Whether you have a sweet tooth that’s hard to ignore or rarely find yourself missing out on a handful of crisps, virtually everyone has some less than ideal eating habits. While such eating habits are easily linked to weight gain, there are many seemingly harmless eating habits you can adopt every day that could cause you to gain weight – and you might not even realize the harm. what they do to your weight and health.
Before you find yourself struggling with the weight that you can’t seem to lose, read on to find out what eating habits to avoid if you want to stay slim, according to dietitians. And if you want to shed a few extra pounds, check out these 15 Underrated Weight Loss Tips That Actually Work.
If you wait until the night to enjoy your only high protein meal of the day, you could be doing yourself a huge disservice.
âSpread your protein intake evenly over three to four meals to maintain muscle health and stay lean. Most Americans don’t get enough protein throughout the day and eat too much protein at dinner,â explains Marie Spano, MS, RD, CSCS, CSSD, a consultant dietitian at Egglife Foods, who recommends consuming 25 to 30 grams of protein for breakfast, lunch and dinner instead. If you want to make better choices when choosing your protein, be sure to avoid the most unhealthy proteins for weight loss, experts say.
Watching these meals and snacks to determine the right serving size can mean you are eating a lot more than you expected.
“I often tell my patients that if they choose a kid’s size or a small size the next time they buy ice cream, I bet they won’t feel deprived or wish they ordered the larger size. “, he explains. Elle Wittneben, RD, CSOWM, LDN, director of nutritional services at Greater Boston Urology. âHaving a little more every now and then isn’t likely to cause weight gain, but if you consistently eat more food, those calories will build up over time,â Wittneben adds.
If you want to keep your body lean in the future, give yourself some time between your last meal and time to go hay.
“Even vegetables, for example, while incredibly useful, make the body work hard! If we don’t give the body enough time to digest and then rest, we are not allowing our cells, hormones and metabolism to function. to repair and restore yourself adequately. The end result is an uphill battle to lose weight, “says Kylene Bogden, MS, RDN, CSSD, CLT, IFNCP, from FWDFuel, which recommends leaving a two to three hour gap between your last meal and bedtime.
For more incentive to ditch those midnight snacks, check out these Secret Side Effects of Eating Before Bed, According to Science.
While homemade smoothies can be a healthy part of your diet and can even help you lose weight, drinking the bottled ones you find in your local grocery store could have the opposite effect.
âTypically, these ready-to-drink smoothies lack protein and fiber and allow you to drink a lot of fruit and a few veg. Dietary fiber and protein should be included with every meal to help maintain your weight, as both keep you full longer and longer. satisfied â, explains Roxana Ehsani, MS, RD, CSSD, LDN, national media spokesperson for the Academy of Nutrition and Dietetics. For tasty drinks that won’t sabotage your weight loss, check out the 25 Best Smoothies for Weight Loss.
While eating several small meals throughout the day has long been touted as a recipe for weight loss, sticking to this habit can mean you accidentally eat more than you expect.
âMany diets or fad trends tell people to eat six small meals a day, but what if you aren’t even hungry to eat that often? It’s always best to listen to your body’s internal signals, eat when you’re hungry, and stop when you’re feeling full, âexplains Ehsani.
Listening to your body’s hunger signals is essential, but waiting until you feel hungry to eat could sabotage your weight loss or maintenance efforts.
âWhen people wait until they are hungry to eat, it prepares them to eat fast, overeat, and feel uncomfortable with fullness. Waiting to eat until hunger can trigger a binge eating or a loss of control of the feeding “, explains Sarah Williams, MS, RD, owner and founder of Sweet Balance Nutrition.

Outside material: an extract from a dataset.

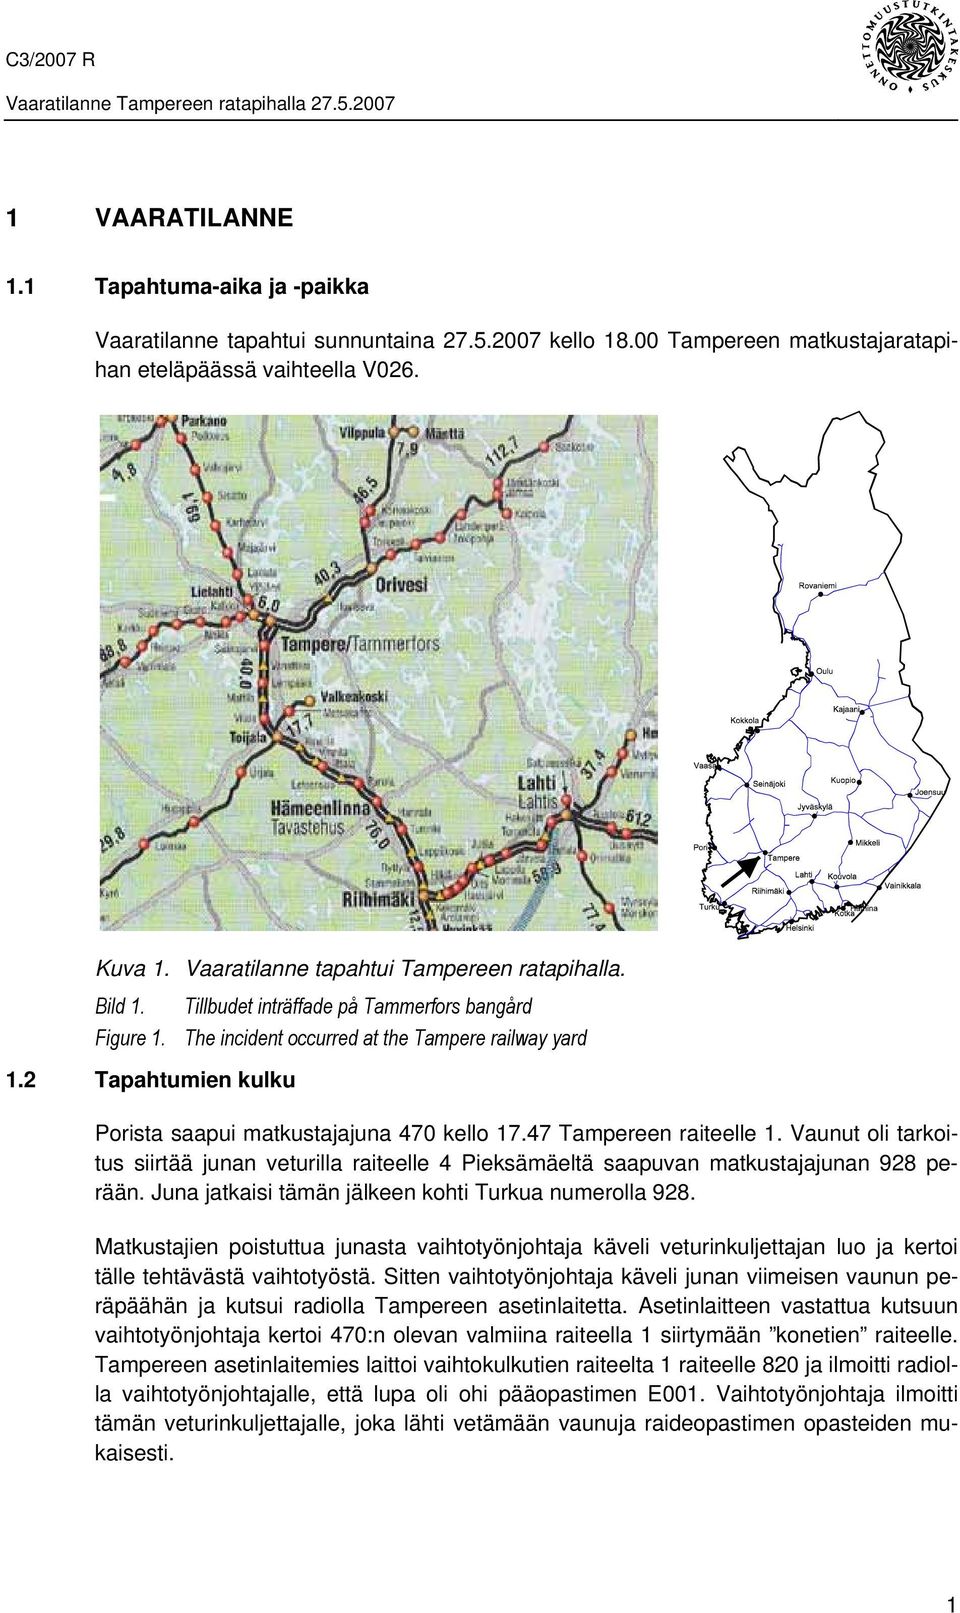 2 Tapahtumien kulku Porista saapui matkustajajuna 470 kello 17.47 Tampereen raiteelle 1. Vaunut oli tarkoitus siirtää junan veturilla raiteelle 4 Pieksämäeltä saapuvan matkustajajunan 928 perään.

Everyone is in a rush to eat occasionally, but eating too fast on a regular basis can make it harder to stay slim in the long run.
âEating quickly often means eating more than you need to feel comfortably full and full. It takes about 20 minutes for receptors in the stomach to communicate satiety; eating fast and not giving your body time to communicate satiety can lead to overeating and weight gain, âsays Williams.
Turning off the television while you eat may help you maintain your weight more easily in the long run.
âWhen you’re not careful about what or how much you eat, you can miss the signals that you’re full and overeating. Even if you think you don’t have time, take 10 to 15 minutes to stop and pay attention to what you eat, âsays Laura Ali, MS, RDN, LDN, a Pittsburgh-based culinary nutritionist. “Your mind can enjoy the break and your body will thank you.”
While they can be convenient, eating processed foods can quickly sabotage your weight loss efforts.
“Processed foods, such as crisps, cereals and fast food, often contain a lot of added sugars and unhealthy fats to improve their taste. It contains a lot of calories, which leads to weight gain,” explains Kristin Gillespie, MS, RD, LD, nutrition consultant for Exercise With Style.